Tina Yack, a research scientist at Duke University’s Marine Geospatial Ecology Laboratory who also was not involved in the study, noted that the study will only count whales that vocalize.
“The authors are careful to point out that relying on echolocation clicks means silent or non-foraging animals are not taken into account and may underestimate local population sizes,” she said.
“massive quiet”
Fraser said funding for the program was at times difficult to maintain during the 10-year study. She said they traveled to research sites on shrimp boats and raised money through various research grants.

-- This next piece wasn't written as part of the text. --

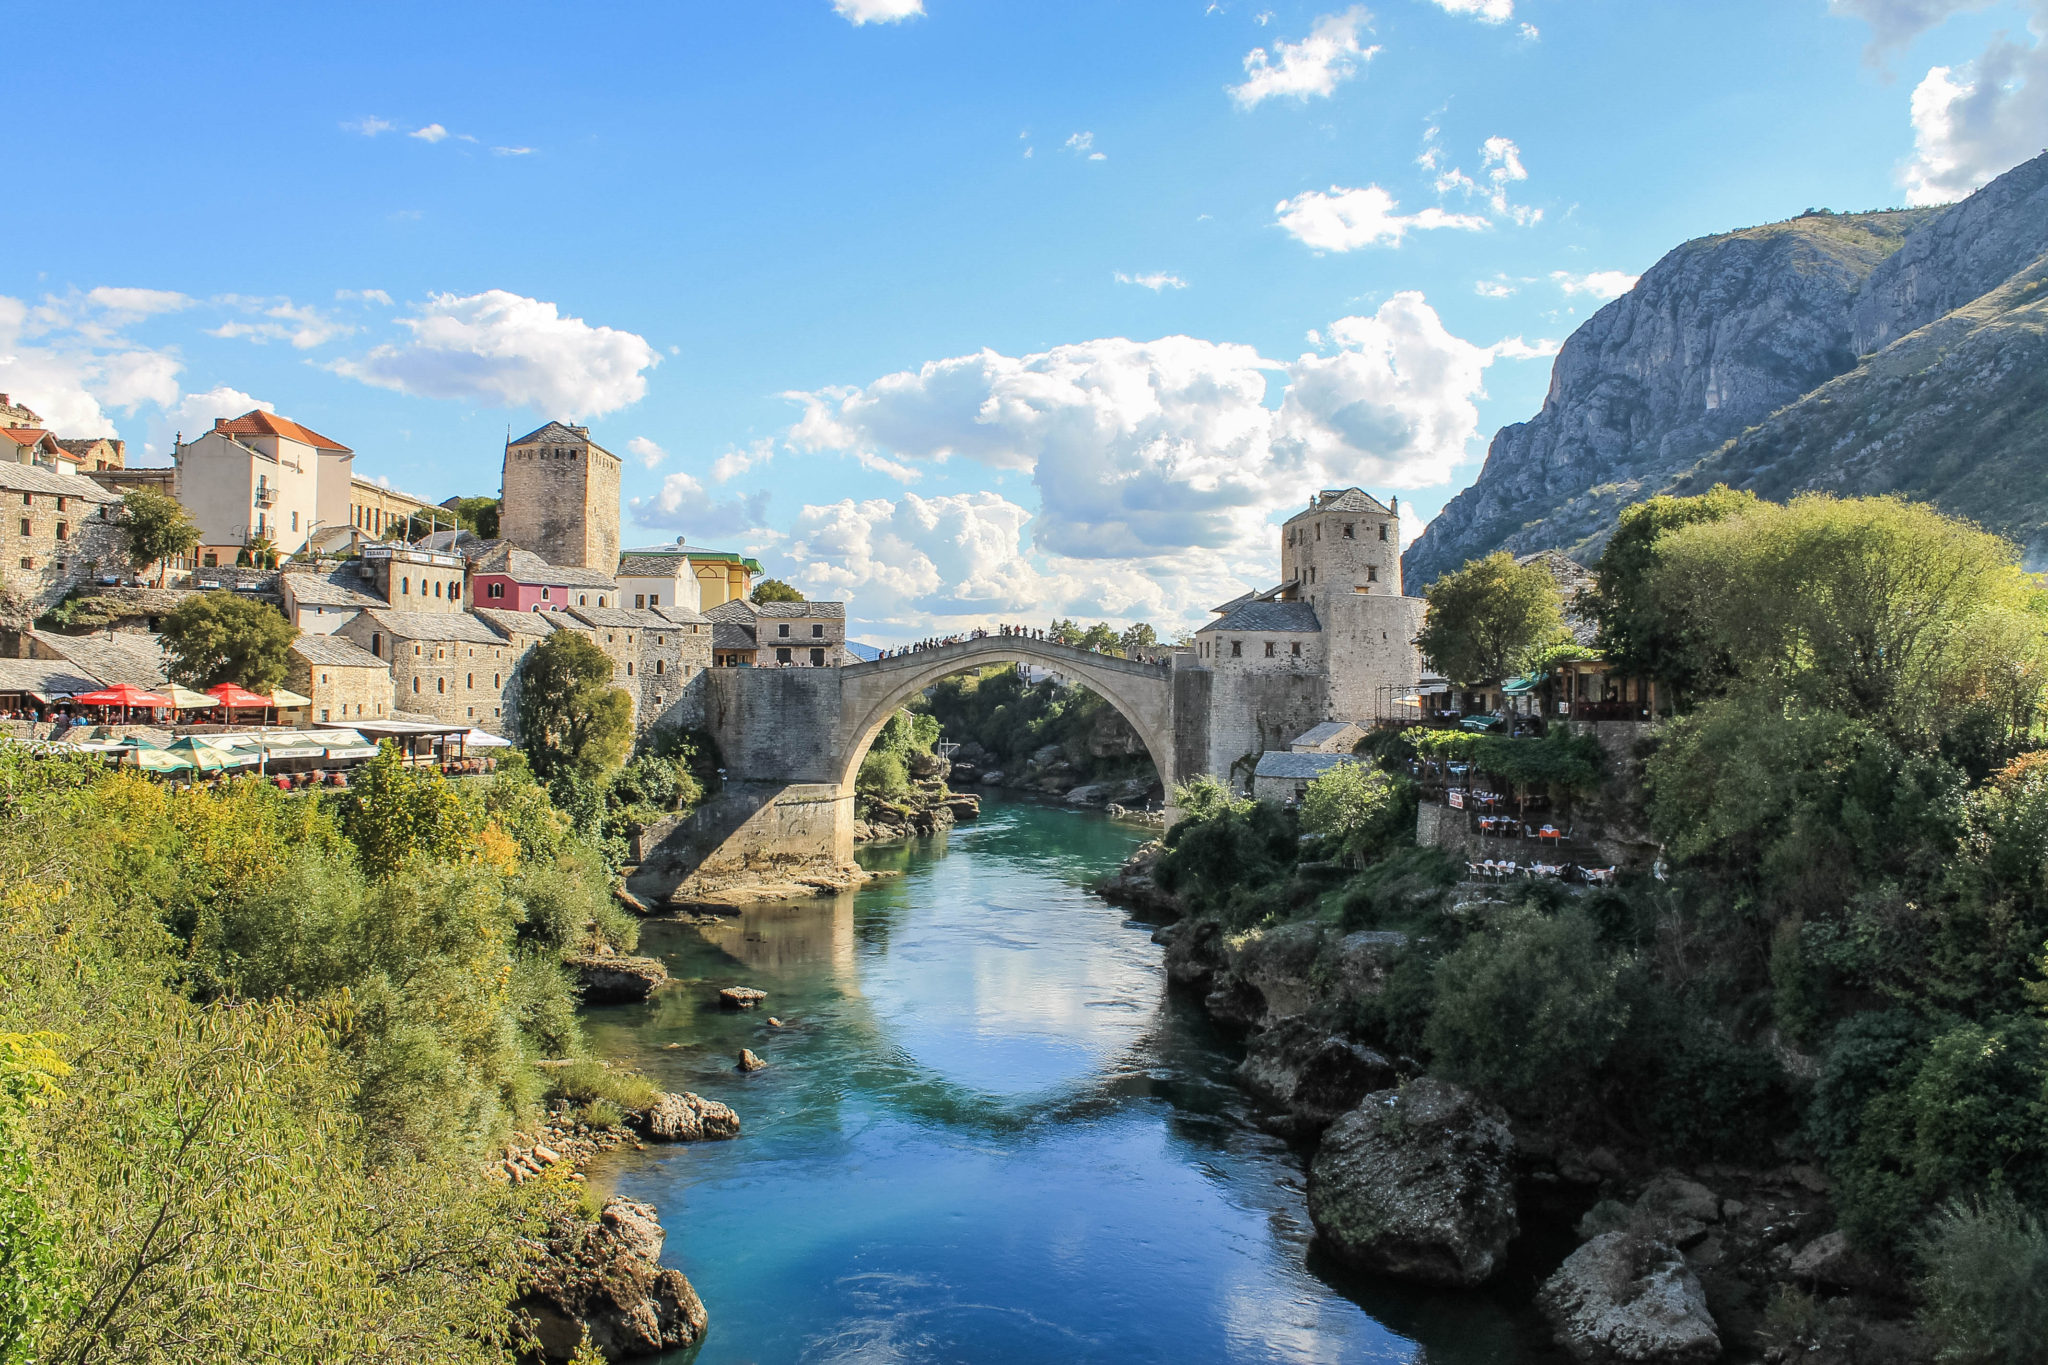 View of Stari Most in Bosnia and Herzegovina from Koski Mehmed Pasha Mosque. Mostar is a good day trip from Dubrovnik.

Reed said placing expensive microphones on the ocean floor would require a “huge leap of faith.” Each device costs about $20,000 to build and $1,500 a year to maintain, Frasier said, and her team maintained five microphones on the bottom of the bay for 10 years.
When it came time to recover the recording device, the researchers used an underwater speaker to play a sound in the water (Fraser described it as a code for a series of beeps), telling the underwater recording device to drop its iron weight and float to the surface.
“Imagine walking through a forest filled with the sounds of birdsong that are familiar to you,” Reed said. “Then something happens. There’s a big storm, or a fire, and when you walk through the woods again, it’s quiet.”
“That’s it [Frasier’s] The research team found,” he added. “Parts of the Gulf of Mexico affected by the Deepwater Horizon oil spill have seen massive lulls, either because the animals have left or because they have died.